Lancée le 26 juin sur la plateforme de l’Assemblée nationale, la pétition dénonçant la proposition de loi sur la présomption de légitimité des tirs des policiers a marqué un tournant avec plus de 500 000 signatures. Cette mobilisation, souvent perçue comme un 'permis de tuer', pourrait ouvrir un débat crucial au sein de l’Assemblée nationale.
Il s’agit seulement de la troisième initiative à franchir le seuil des 500 000 signatures, rejoignant les controverses entourant la loi Duplomb et la loi Yadan. En moins de deux semaines, plus de 530 000 personnes ont exprimé leur désaccord avec cette proposition législative.
Adoptée le 7 juillet par un vote de 313 voix contre 199, la loi portée par le député LR Éric Pauget stipule que les forces de l’ordre, en cas d’utilisation de leur arme dans le cadre défini par le Code de la sécurité intérieure, sont présumées avoir agi dans la légalité. Soutenue par le gouvernement, cette réforme continue de susciter des remous et son examen se poursuit au Sénat.
Les défenseurs de cette loi estiment qu'elle permettra d'épargner les forces de l’ordre d'une suspicion systématique après un tir. Le ministre de l’Intérieur, Laurent Nuñez, a assuré que la présomption d'innocence peut être contestée dès le début de l'enquête, affirmant que ce texte ne vise pas à instaurer une irresponsabilité pénale.
Inversement, les opposants craignent que cela inverse la charge de la preuve, plaçant la responsabilité de prouver l’illégalité d’un tir sur les victimes ou leurs proches. Cette crainte alimente les accusations, comme celle de Jean-Luc Mélenchon qui dénonce un 'permis de tuer'. Olivier Faure, quant à lui, indique que ces mesures rappellent des pratiques d'un autre temps, notamment soutenues par le fondateur du Front national, Jean-Marie Le Pen.

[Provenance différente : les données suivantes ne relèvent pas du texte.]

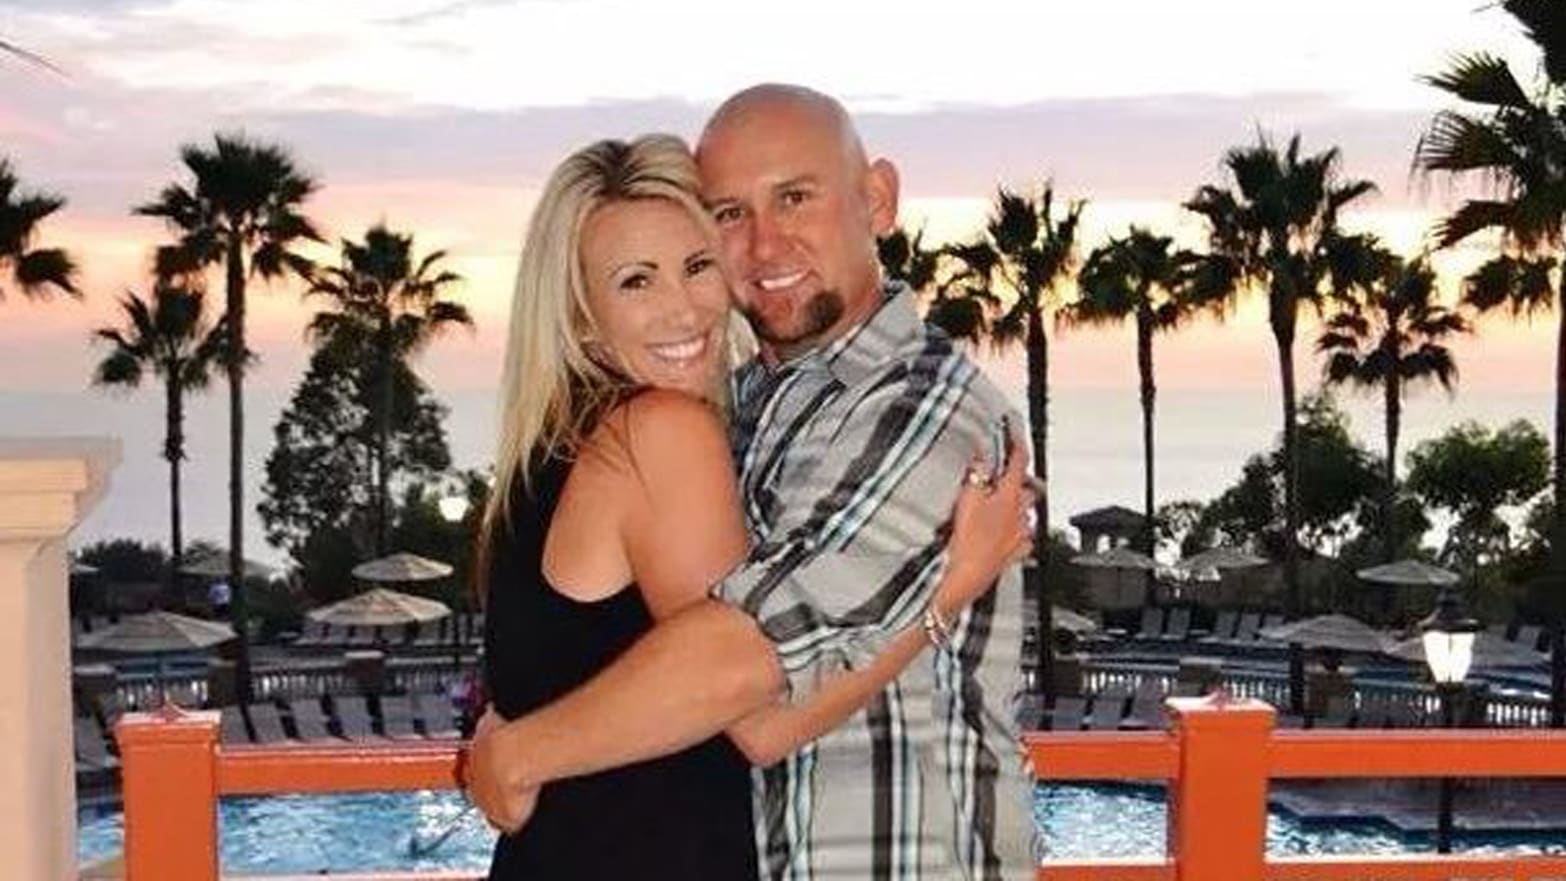 California Mom Sabrina Limon Found Guilty in Brutal Murder of Swinger Hubby image

Les 500 000 signatures garantissent-elles un débat ?
Franchir le seuil des 500 000 signatures est une étape significative, mais ne garantit pas un débat parlementaire. Conformément aux règles de l’Assemblée nationale, atteindre ce cap permettrait à la Conférence des présidents d'examiner la possibilité d’inscrire la pétition à l’ordre du jour, donnant ainsi le dernier mot aux présidents des groupes politiques.
Si un débat a lieu, il ne donnerait pas lieu à un vote. Les pétitions citoyennes, bien qu'elles n’apportent pas la possibilité d’abroger ou de suspendre une loi, agissent comme un levier d'influence. À titre d'exemple, la pétition contre la loi Yadan a atteint 700 000 signatures et a contribué à son retrait avant même le vote à l'Assemblée, comme rapporté par RTL.